In terms of hole quality, finish boring heads typically achieve tolerances within IT5 and surface finishes above Ra 1 micron. The main drawback to a finish boring head is feed time as it only has one tooth for cutting. Also, with one tooth doing the cutting, tool life is generally less than with reamers. Once the insert wears, size and finish can diminish quickly.

Reaming works best with pre-machined holes that have small amounts of stock. When compared to finish boring, a reamer holds tighter tolerances for longer periods of time because the cutting is generally spread out over multiple flutes. Such characteristics also allow for faster feeds over finish boring heads. 

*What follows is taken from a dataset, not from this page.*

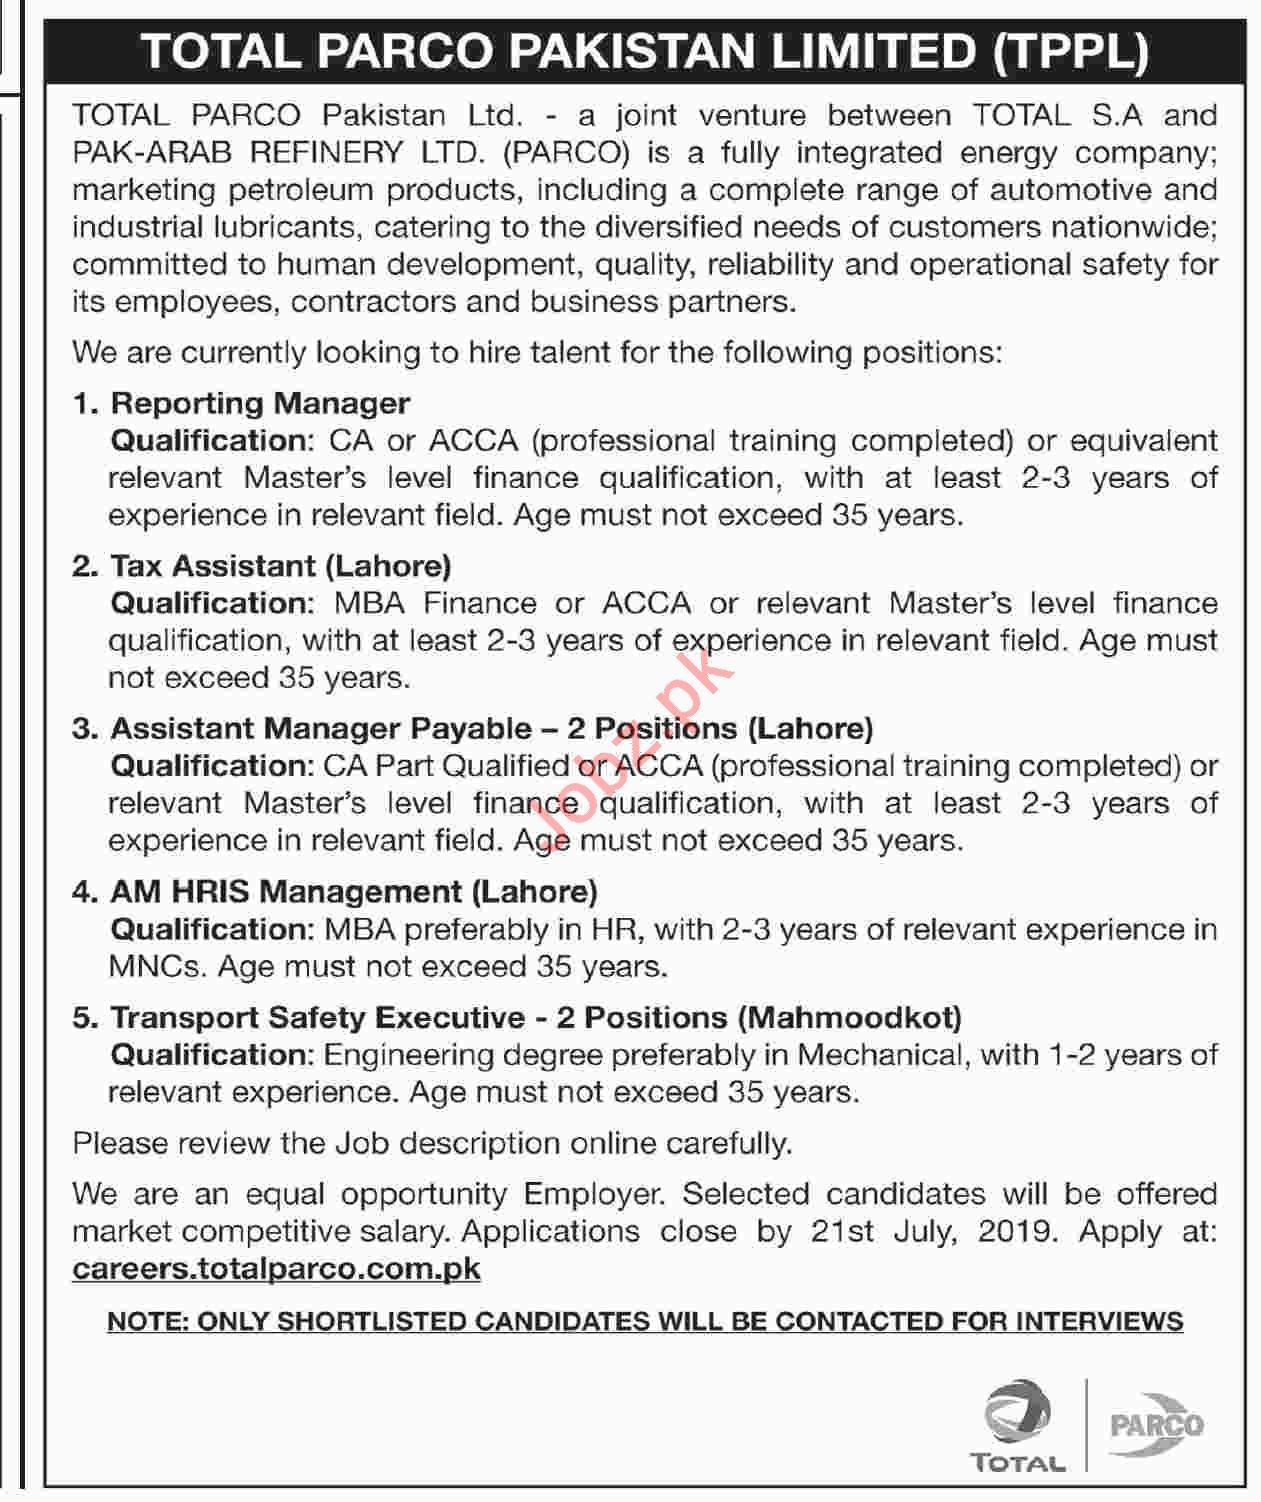 Total PARCO Pakistan Limited TPPL Jobs 2019 For Lahore

However, when it comes to reaming, it is important to understand not all reamers are the same. Manufacturers must determine if they are machining a blind or through hole as the geometry of the reamer and the method of applying the coolant will be different in each situation. In blind hole applications, the coolant must come from the front of the reamer to flush the chips back out of the hole. For through hole operations, the coolant should originate from slightly behind the tip of the reamer to flush the chips forward out of the hole. In fact, coolant delivery is one of the most important aspects of the reaming operation. Coolant needs to have a high amount of lubricity, especially when using a padded reamer. High-pressure coolant is also important in chip evacuation. For example, if a shop is reaming a deep hole but only has external coolant and/or low-pressure coolant, this can cause poor chip evacuation and ultimately result in shortened tool life and a bad surface finish.

Furthermore, stock allowance is an important aspect of reaming. Too much stock allowance can result in chattering upon entry of the hole as this extra stock dramatically increases tool pressure. But even if the reamer does not chatter from the extra stock, the cutting area for a reamer is quite small, and the extra material passing over the cutting zone will quickly wear it away and decrease tool life. For example, in steel applications, it is a good rule of thumb to leave only 0.1524 to 0.2032 mm (0.006 to 0.008 in.) total stock for the reamer. On the flip side, when there is insufficient stock, the reamer will push instead of cut. There also may not be enough stock to clean up the hole completely from the drill operation.

Runout must also be taken into consideration because it can wreak havoc on the reaming process (as well as any other machining process). It’s important to have a newer, accurate machine tool as well as high accuracy toolholders, such as hydraulic or shrink fit holders, to help combat runout. When you are dealing with tenths or microns the process must be secure.

Furthermore, several manufacturers like solid reamers because they are easy to use. However, a coated solid reamer is only good for a certain hole tolerance – anything below an H7 tolerance generally requires an adjustable reamer. Adjustable reamers are very accurate but require setting to achieve high accuracy. 

Because finish boring and reaming approach holemaking differently, there might be situations where shops need to apply both processes to successfully complete a project. In the past, Seco assisted a gun component manufacturer in a holemaking application that required true positioning and very tight tolerances. The manufacturer attained the tight tolerances through reaming, but first had to use boring to straighten the holes before the reamer could accurately do its job.

In another example, a customer was losing valuable productivity time by utilizing a finish boring head to machine 125 holes in each of the large plates that it was producing at high volumes. These holes had very tight tolerances, requiring an adjustment of the finish boring head after every seven holes due to insert wear. It turned out reaming was a better solution because the customer could feed a reamer five times faster than a boring head due to the reamer having multiple flutes. The finish boring head would have been a suitable option if the customer were only machining five holes in a 10-piece job. SMT

Mike Smith is product manager for Seco, Reaming and EPB.